Approachable, reachable,
the accessible God,
visible in the skin of Jesus.

But you are not done,
not content to wear
such skin only in the pages
of the Gospels.
The many-coloured, multi-shaped
body of Christ – the Church
wide as the nations of the world –
bears your image where it acts
in your love:
still feeding,
still healing,
still teaching mercy,
making you visible

not in great
structures nor
in high saints alone,
but in the ordinary
persons in the pews,
as here, on a day like any other,
a woman making dinner,
and packing it,
knocking on the door of a neighbour
newly home from surgery for cancer:
the face of the one receiving it
lit with thankfulness,
the face of the one freely giving
like the face
of God.

Poem For The Sunday Lectionary (Easter 4)

PASTURE
(John 10: 1-10)

There is a place we can find, a good place
like quiet meadows where flowers spread,
like green grasses by gentle streams;
a place where the heart feels nourished,
where the mind is hopeful, unhurried,
where the spirit is glad and at peace.
We’ll name this place fulfillment,
we’ll name it healing and thankfulness,
we’ll name this good place pasture
for there we seek to feed.

And there is a voice we can hear that calls us,
a gentle voice, melodious,
a voice like songbirds and laughter,
like a mother comforting her children,
like a shepherd calling his sheep.
We’ll name this voice acceptance,
we’ll name it mercy and forgiveness,
we’ll name it the voice of God’s love,
inviting us gently to feed.

It invites us to enter pasture
when we think we’re too hurting to listen,
too angry or grieving or fearful
to hear the voice that calls us to peace.

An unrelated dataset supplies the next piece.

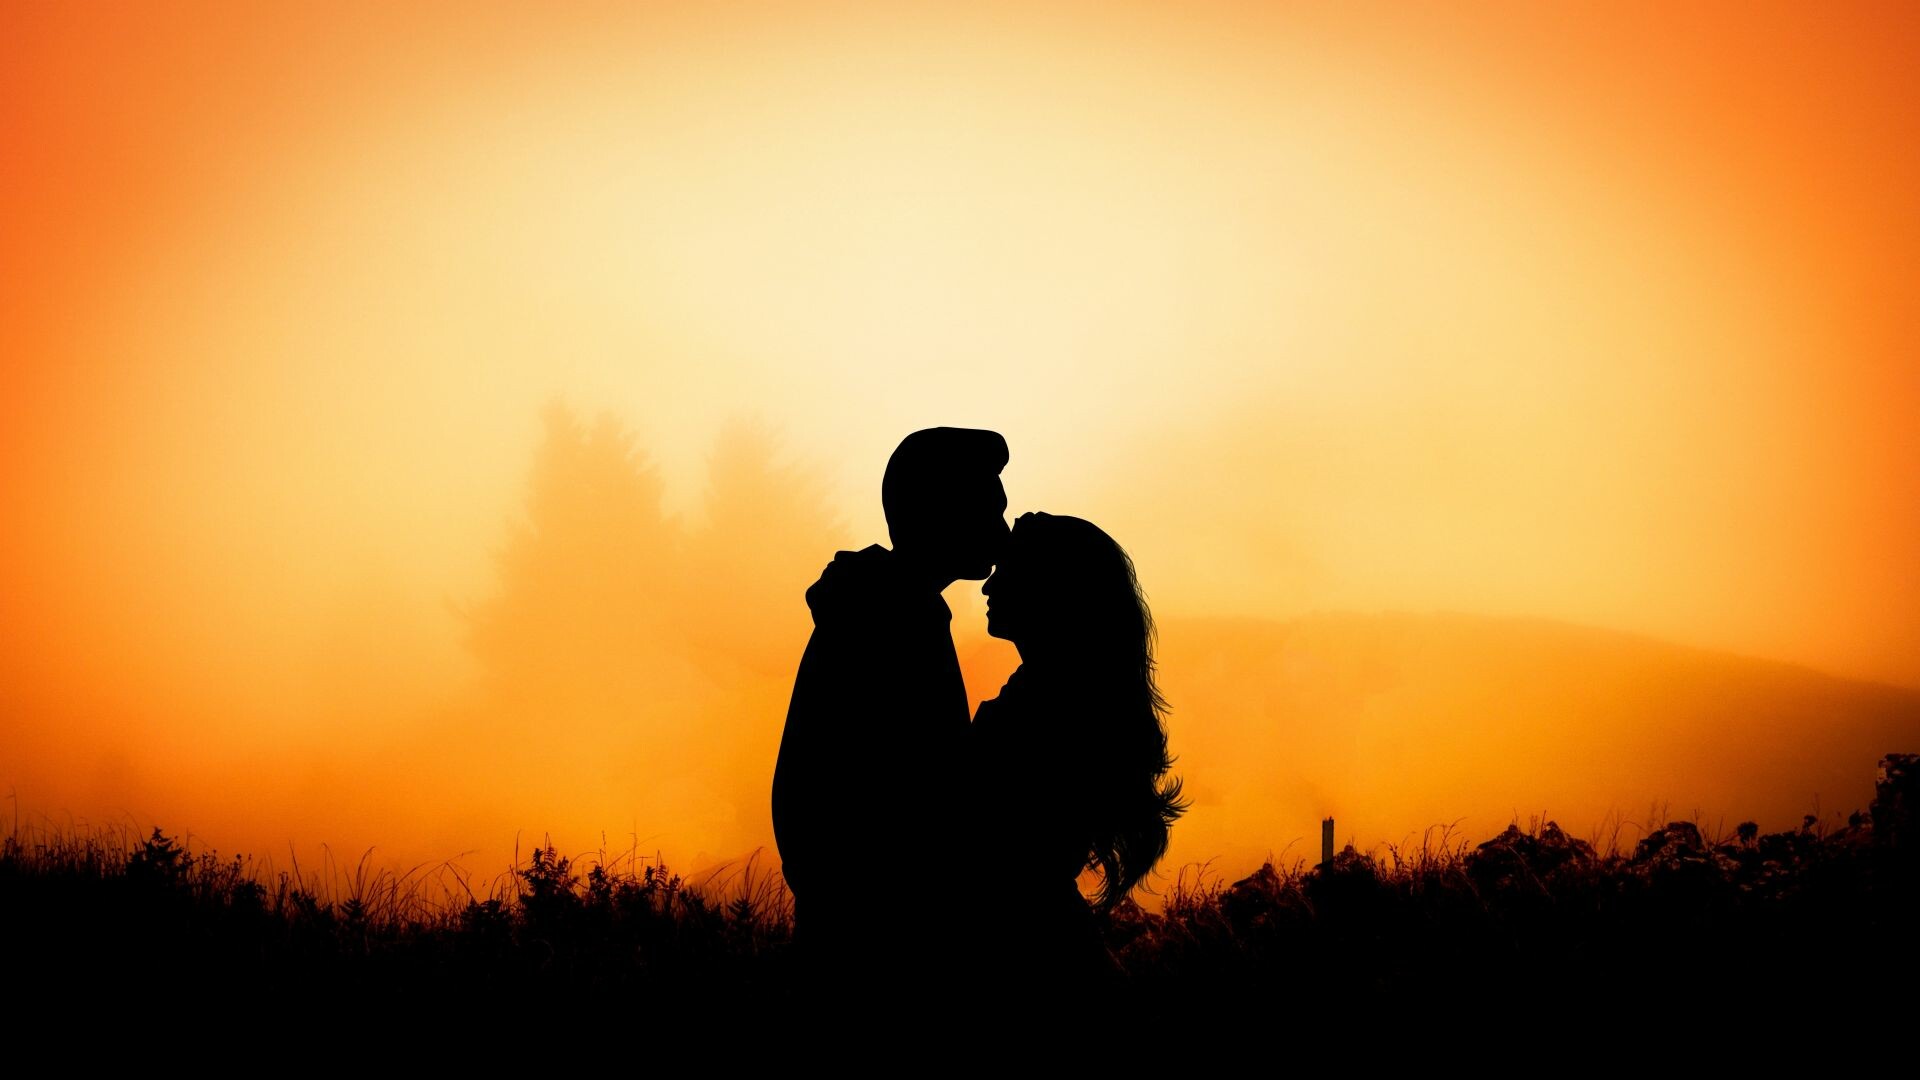 Outdoor sunset hug, Romantic couple, Love and intimacy, Mesmerizing backdrop, 1920x1080 Full HD Desktop

It invites us to enter pasture
when we’re sure we’re too busy to listen,
too burdened or worried or pressured
to hear the voice that calls us to peace.

It says: Come in and go out and find pasture.
It says: We are safe with the shepherd of all sheep.
It says: Meadows await us, in this moment.
It says: Rest in love. Where you are. Joyfully feed.